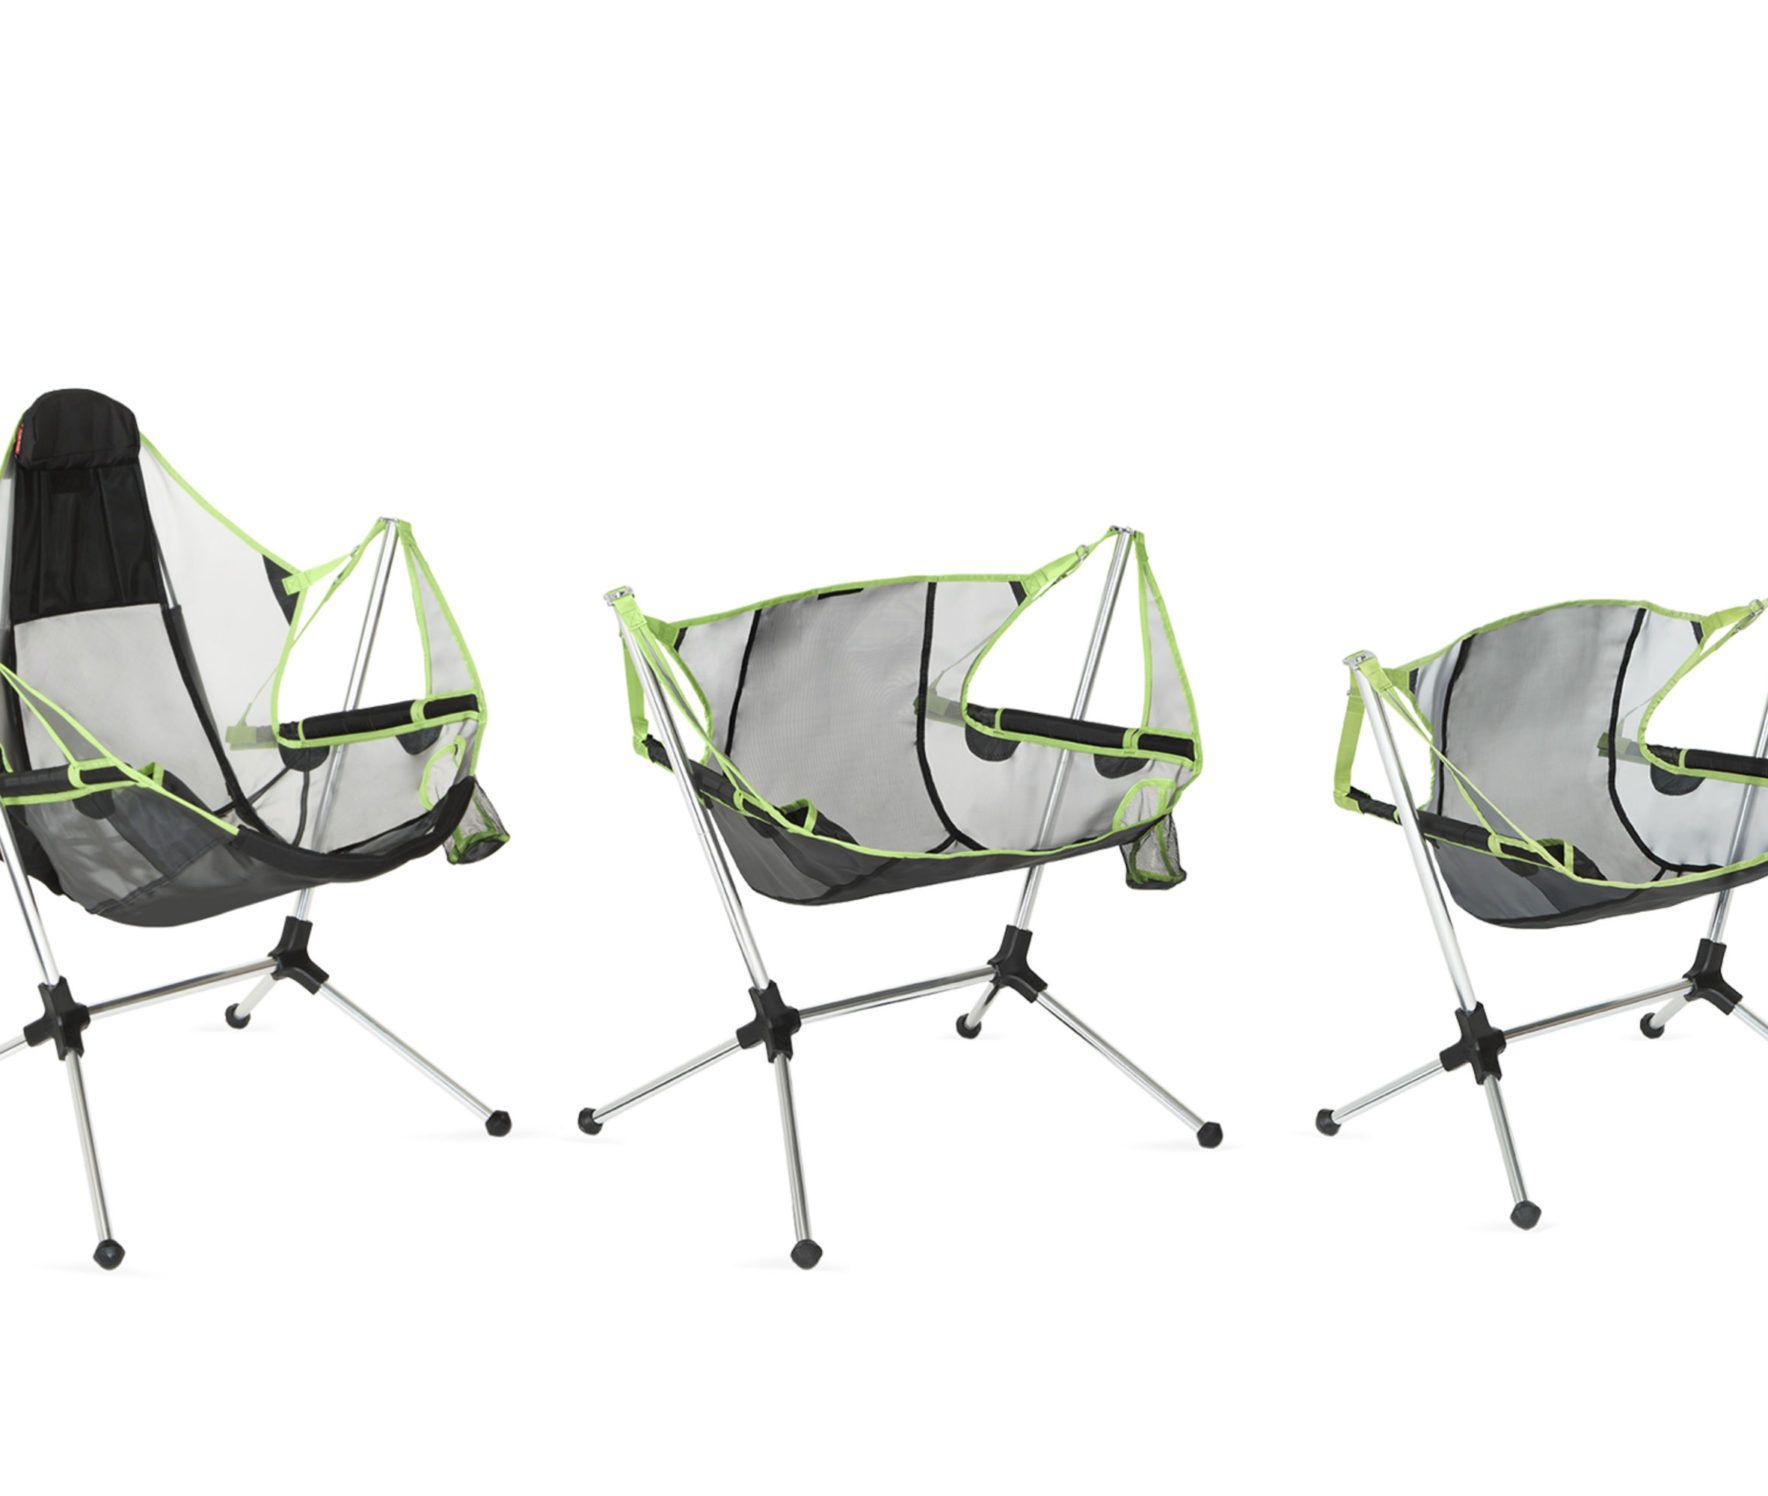 Stargaze™ Recliner Luxury Chair Luxury chairs, Luxury
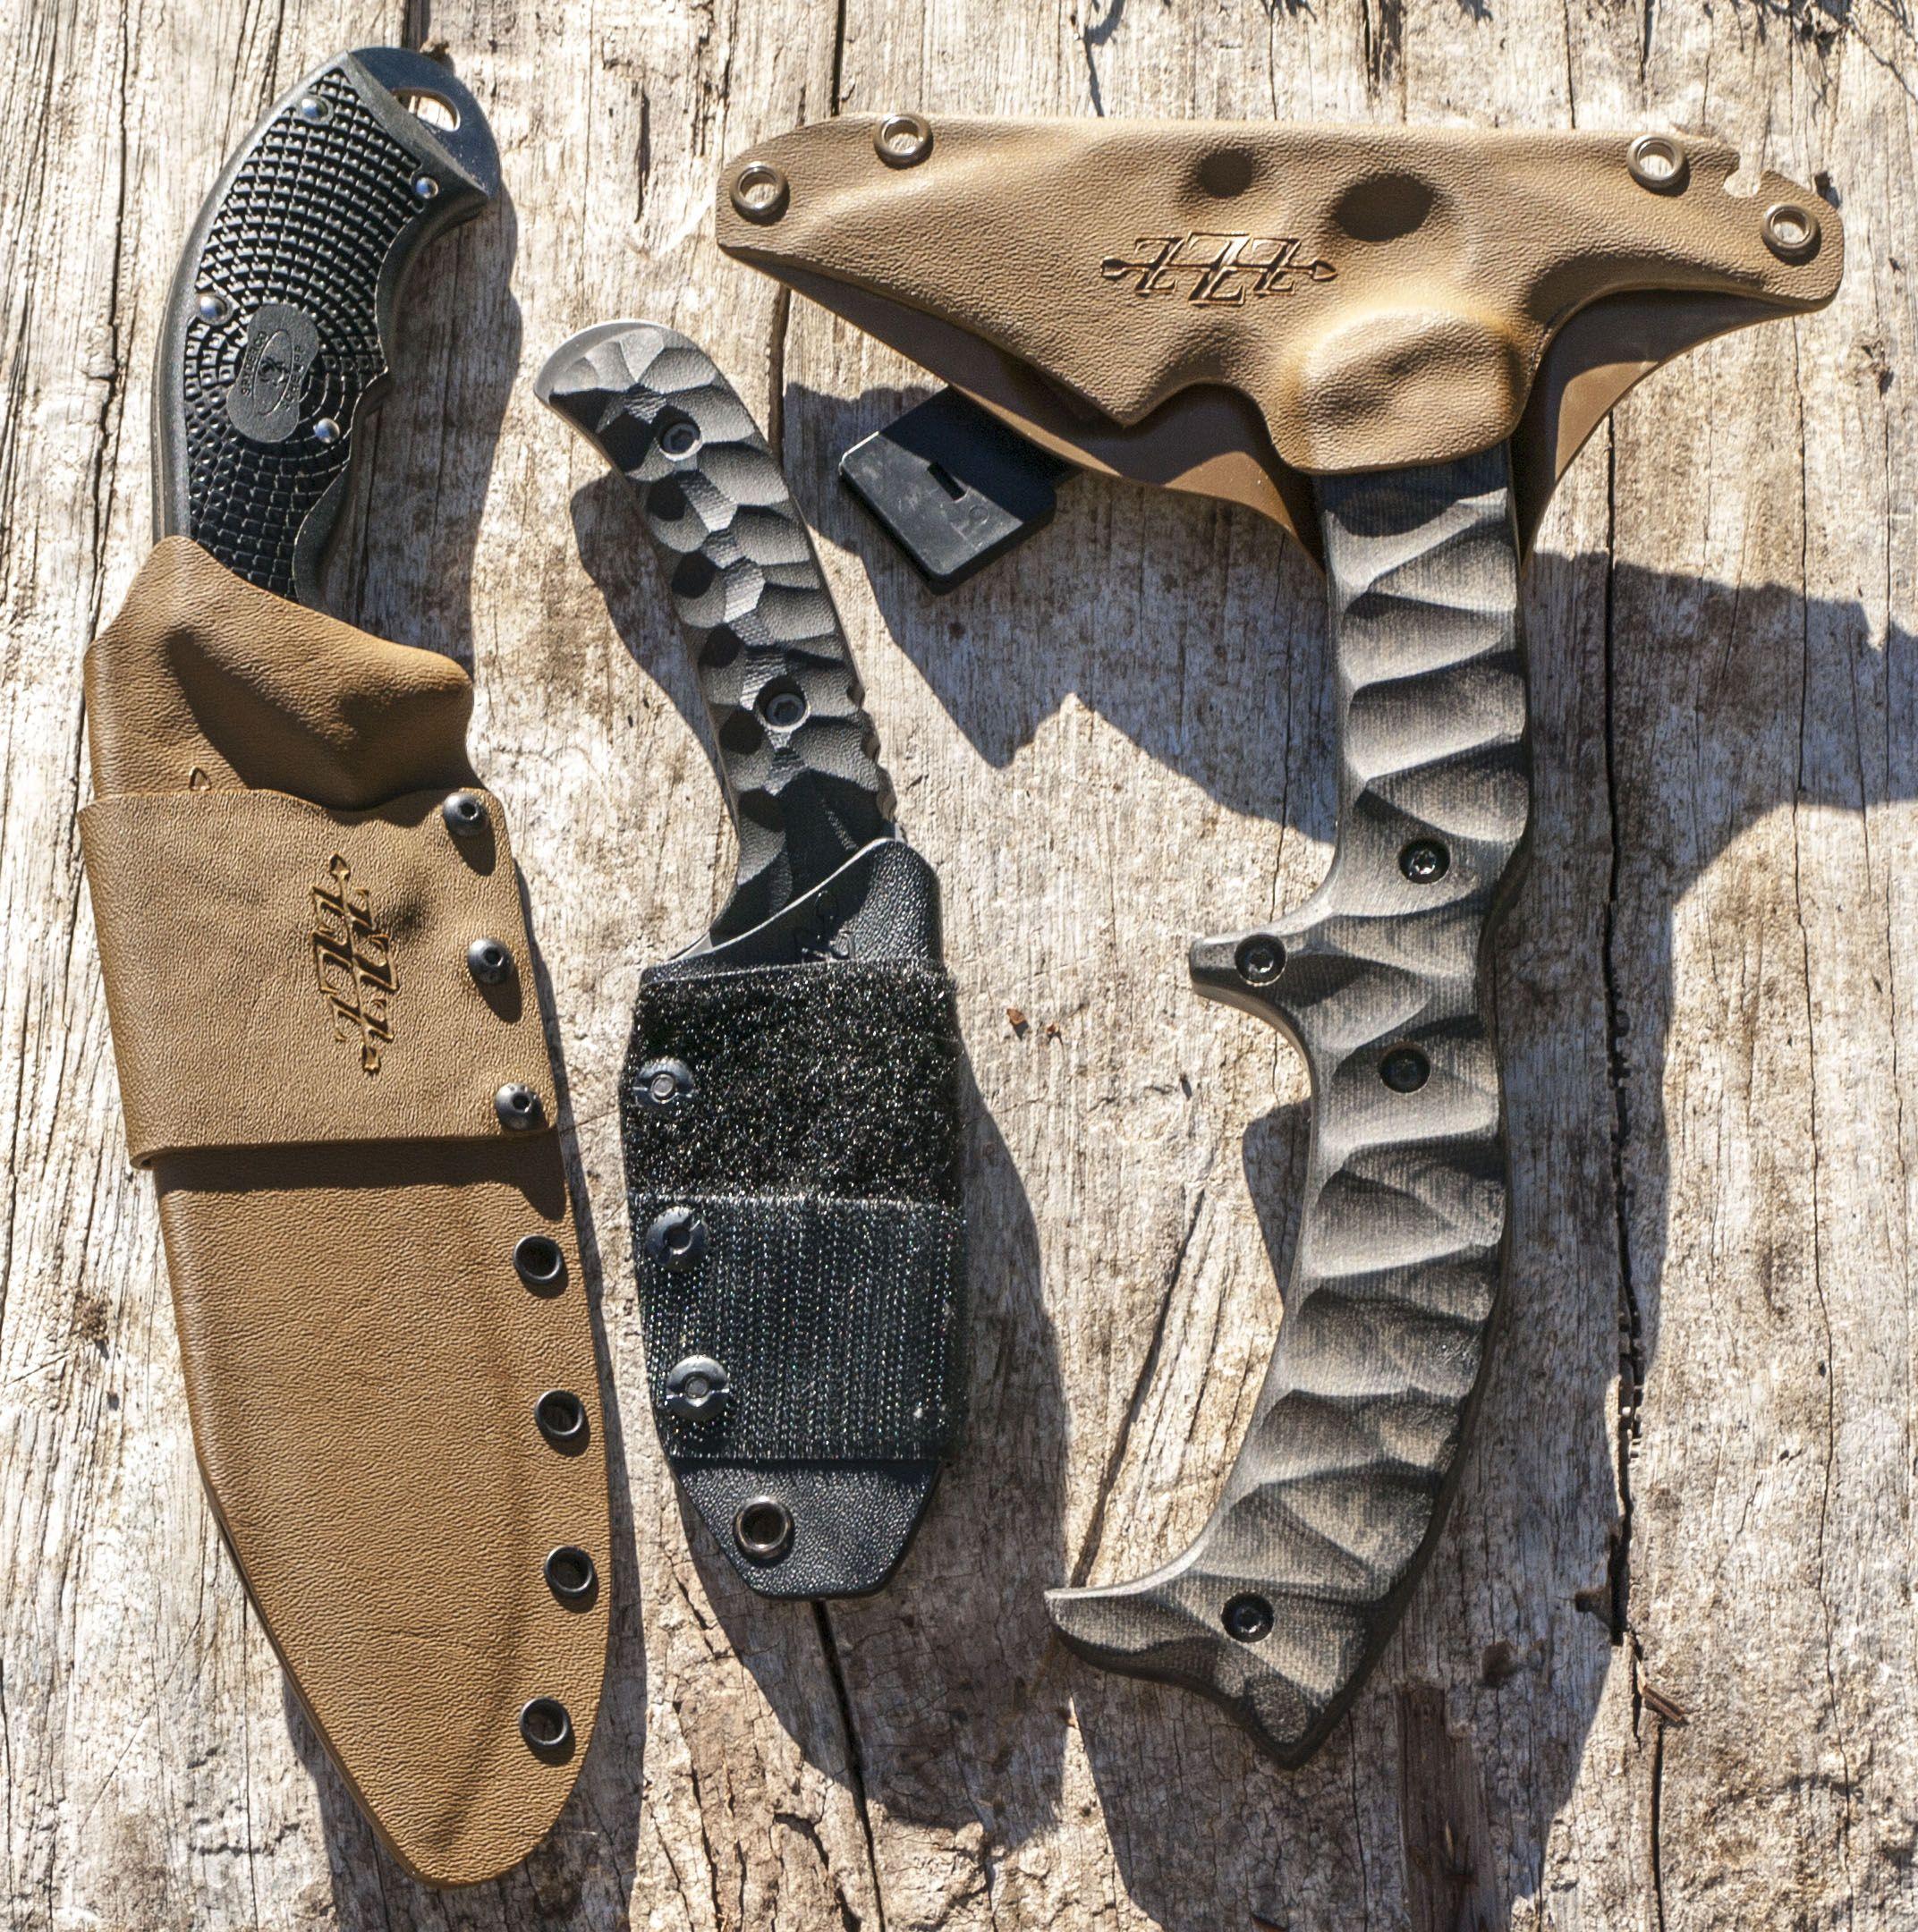 Kydex Knife Sheath: Custom Made Kydex Sheaths. @zzzcustomholsters #kydex
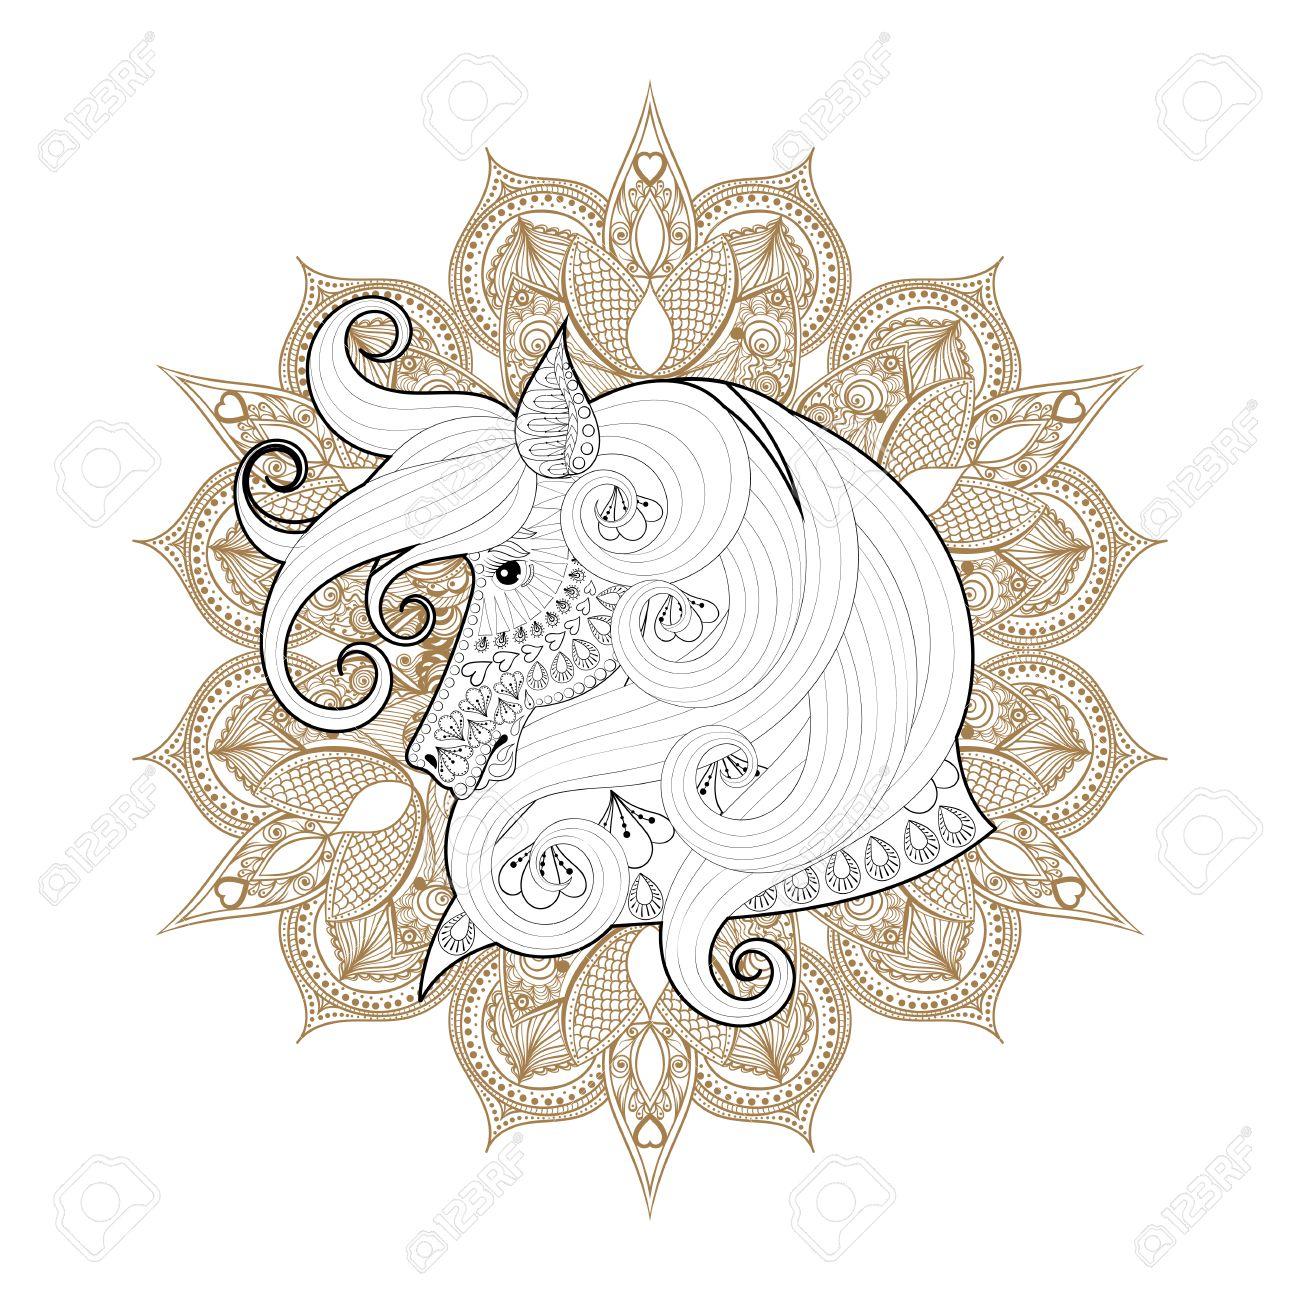 Dibujado A Mano Ornamental Caballo En Mandala Mehendi Para Colorear ...
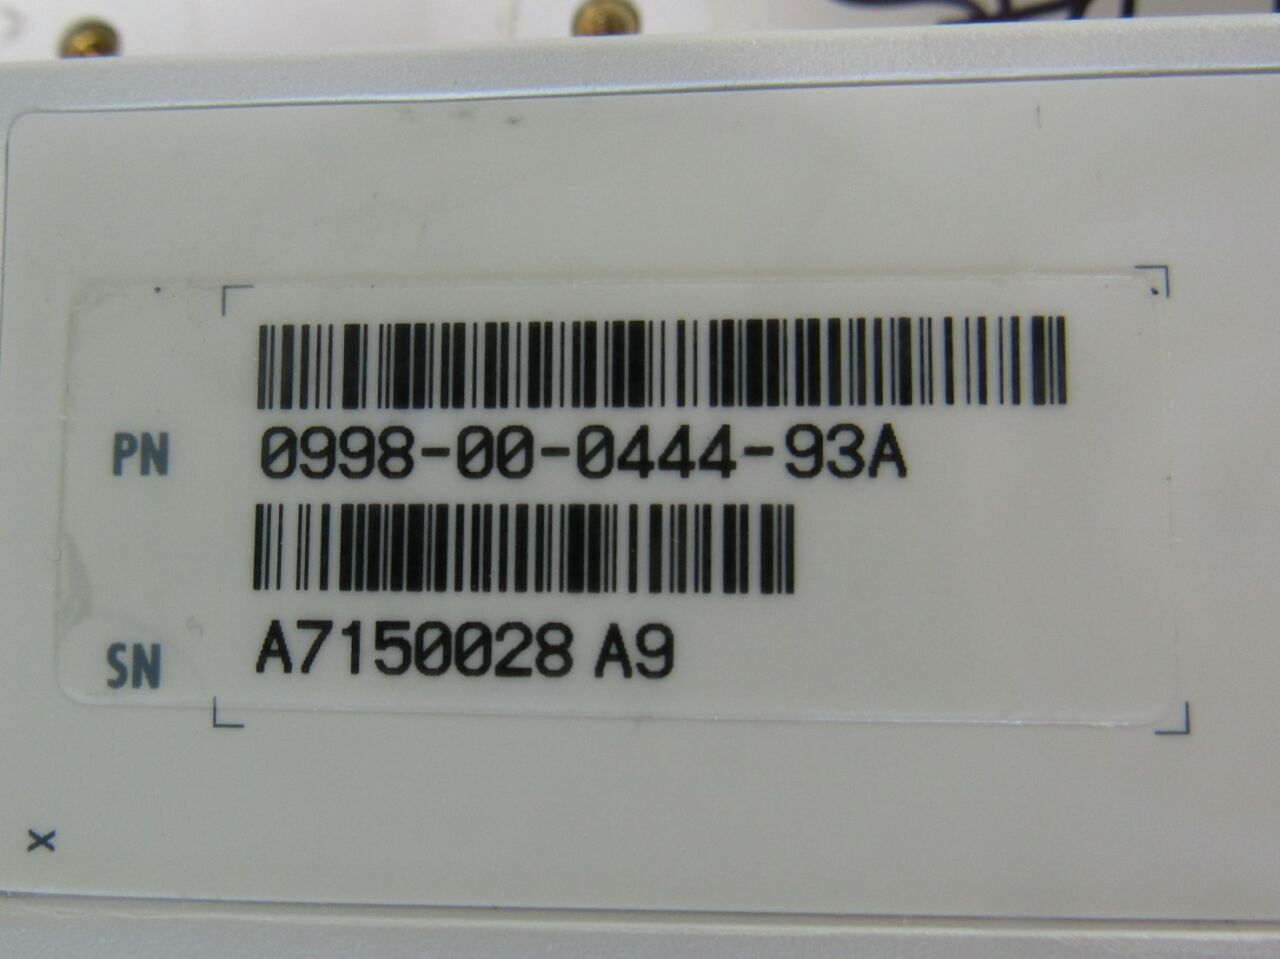 DATASCOPE Accutorr Plus  - Lot of 3 Monitor

§ What the task requires: Line by line and exactly, reproduce the span from the line with "Kydex Knife Sheath: Custom" through the end of the data above, both ends included, with pictures left out.

§ Result for this exercise:
 Kydex Knife Sheath: Custom Made Kydex Sheaths. @zzzcustomholsters #kydex
 Dibujado A Mano Ornamental Caballo En Mandala Mehendi Para Colorear ...
 DATASCOPE Accutorr Plus  - Lot of 3 Monitor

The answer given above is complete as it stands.